It was about 7 PM and time for her feed. Suckle… Suckle…Suckle….……. Suckle… Suckle…Suckle…….…. Suckle… Suckle…Suckle. And then she started crying. She refused to have milk. In a few seconds, we realize d that she was falling short of breath. I knew something was wrong.  I patted her and then held her on my shoulder. Still, there was no change. Slowly, she was turning blue.

In such moments, your mind steps back, and heart usually takes over. Worry, Anxiety, Helplessness, Fear… So many emotions flood through your body that you tend to freeze in the moment. By sheer presence of mind, we dashed to the NICU (Neonatal Intensive Care Unit) or Nursery as they call it in many hospitals. Thankfully, she was attended to immediately. Apparently, she had suckled milk into her wind-pipe and was choking. The child-care specialist provided the required medical intervention to normalize her breathing. After about 45 minutes of examination and a round of tests, she appeared to be okay; but the doctors said that they needed to run a few more tests and monitor her for a couple of hours before they declared her perfectly fine.

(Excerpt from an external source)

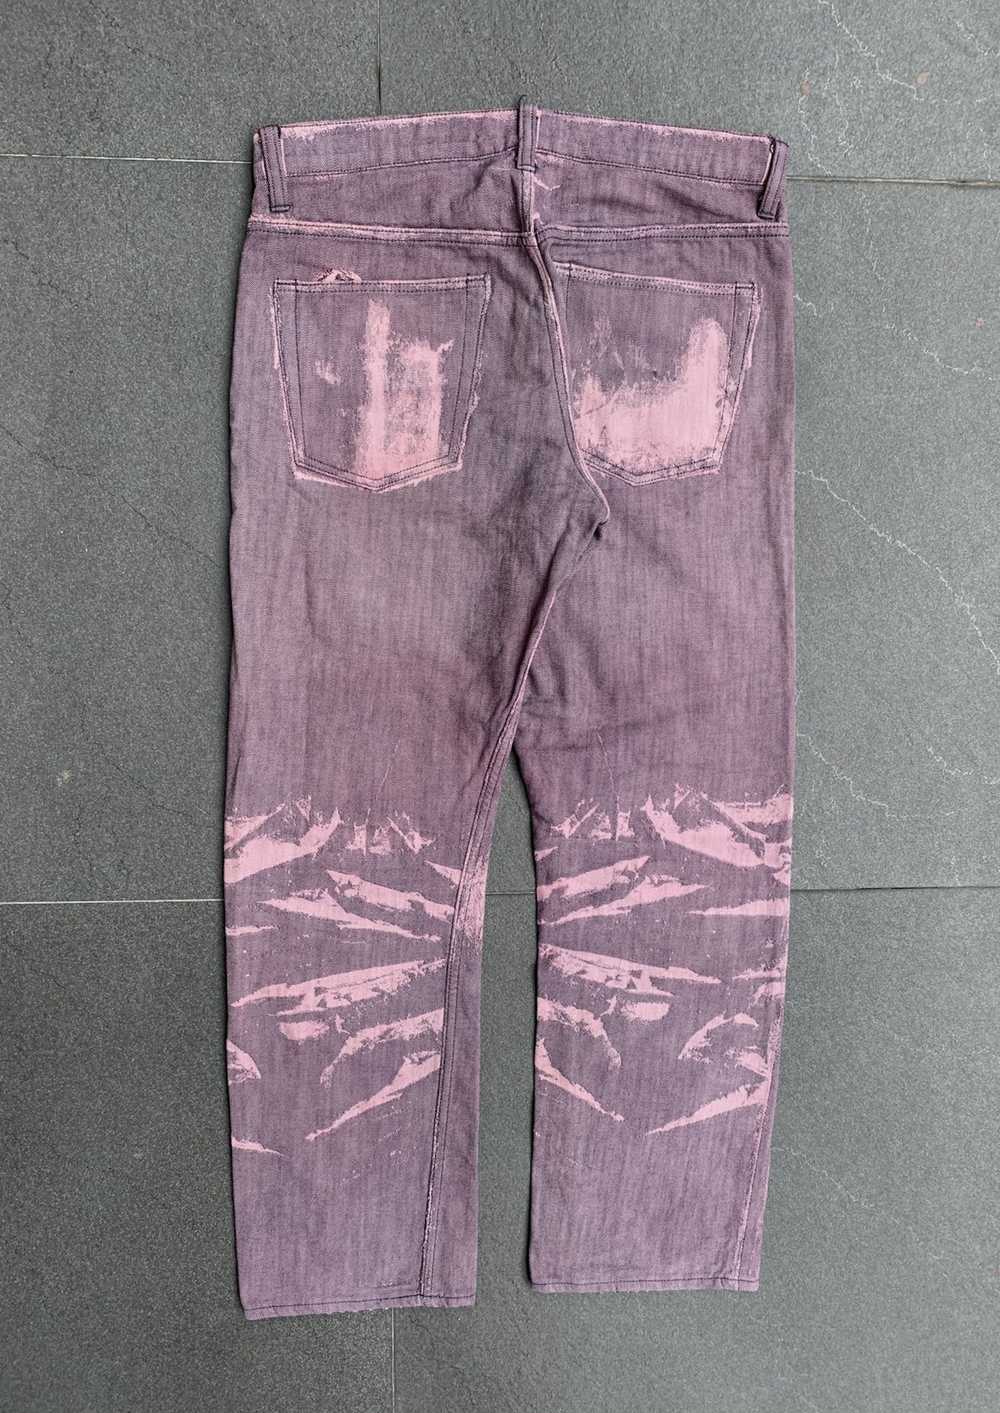 Issey Miyake APOC Galaxy Purple Denim Jeans - image 6

It was only then that they let me into the NICU. It broke my heart to see her there. She was all wired up to monitor her heart rate and other key vital parameters. Entangled between the wires, amidst all the beeps and monitors around, she was sleeping.  She looked perfect, beautiful and angelic. I had so many mixed emotions, but mostly felt helpless. “What had I done wrong to put her here?” – Mostly guilt, fear, helplessness and most importantly, how small we really are in the ways of the universe. “Life’s NOT FAIR” I thought to myself. What has she done to deserve a place in the NICU? All the wise people I know always say that everything happens in your life is due to your karma. “What karma had she possibly done in 2 days that brought her to the NICU!” I wondered.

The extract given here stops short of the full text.